More than 60% believe Ireland will be hit by second virus wave

More than 60% of the population believe it is likely that Ireland will be hit with a second wave of Covid-19, despite the number of cases of the virus continuing to fall.
More than 60% believe Ireland will be hit by second virus wave
New research from the Department of Health also revealed that 61% of the population feel it is likely that Ireland will be hit with a second wave of Covid-19. A total of 34% said they are now wearing a face mask.

More than 60% of the population believe it is likely that Ireland will be hit with a second wave of Covid-19, despite the number of cases of the virus continuing to fall.

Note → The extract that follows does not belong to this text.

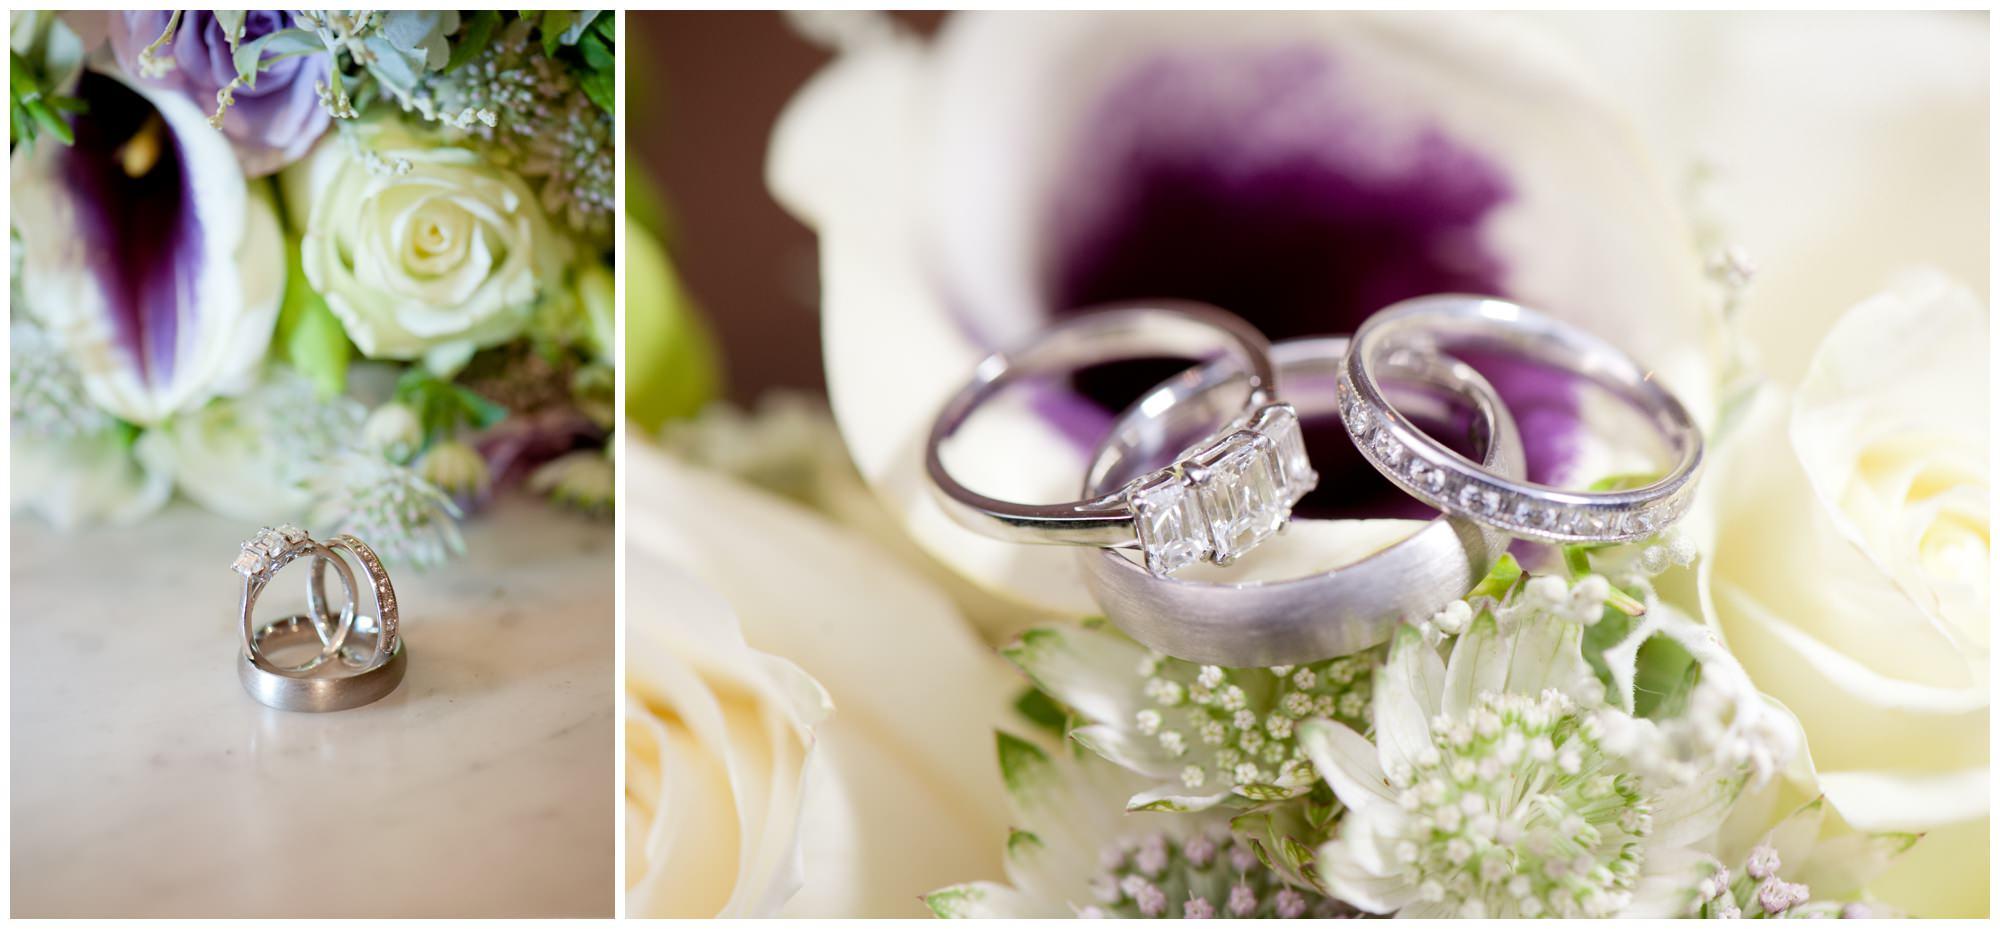 Wedding Rings at Hampshire Wedding

The Department of Health confirmed today that, for the second day in a row, there have been no new deaths related to Covid-19 meaning that the number of deaths due to the virus remains at 1,706.

A total of 18 new cases have been confirmed bringing the total number of people who have been diagnosed with Covid-19 in Ireland to 25,321.

At the bi-weekly meeting of the National Public Health Emergency Team (NPHET), chief medical officer, Dr Tony Holohan, said there have been no admissions to ICUs since June 9, while there are 78 confirmed cases in hospital.

There are a total of 471 clusters of the virus in residential care facilities — an increase of six since last Thursday. Five of these relate to the nursing home sector which now has a total of 256 clusters.

Dr Holohan said that 297 of the 471 clusters are regarded as closed as they haven't had "an incident case in the past 28 days", while 174 of the nursing home clusters are also deemed closed.

One new cluster has been reported in a meat factory.

New research from the Department of Health also revealed that 61% of the population feel it is likely that Ireland will be hit with a second wave of Covid-19. A total of 34% said they are now wearing a face mask.

Meanwhile, more than €1.6bn has been paid out in support of almost 900,000 workers under the pandemic unemployment payment (PUP) and wage subsidy schemes since March.

The latest figures furnished by the Department of the Taoiseach show that €1.5bn has been paid out under the temporary wage subsidy scheme (TWSS) and a further €175 million has been paid out under the PUP.

An estimated 400,000 people are receiving TWSS support and a further 498,000 people are receiving PUP support but numbers are beginning to fall as the economy reopens.

Elizabeth Canavan, assistant secretary-general, Department of the Taoiseach, confirmed at Monday’s daily briefing that 108,000 people had closed PUP claims since the beginning of phase-one on May 18. Ms Canavan added that the take-up of business supports also remains “strong”.

More than 2,100 businesses have applied for €5 million under the trading online voucher scheme, which represents “three year’s worth of applications” over a three-month period, and Microfinance Ireland has approved more than 500 loans with a value of over €13 million.

The Government is also rolling out an emergency rent supplement for victims of domestic violence. The three-month payment will ensure that victims of domestic violence “are not prevented from leaving their home because of financial concerns” and the payment will be facilitated by referral through Tusla funded services, the Gardai and HSE.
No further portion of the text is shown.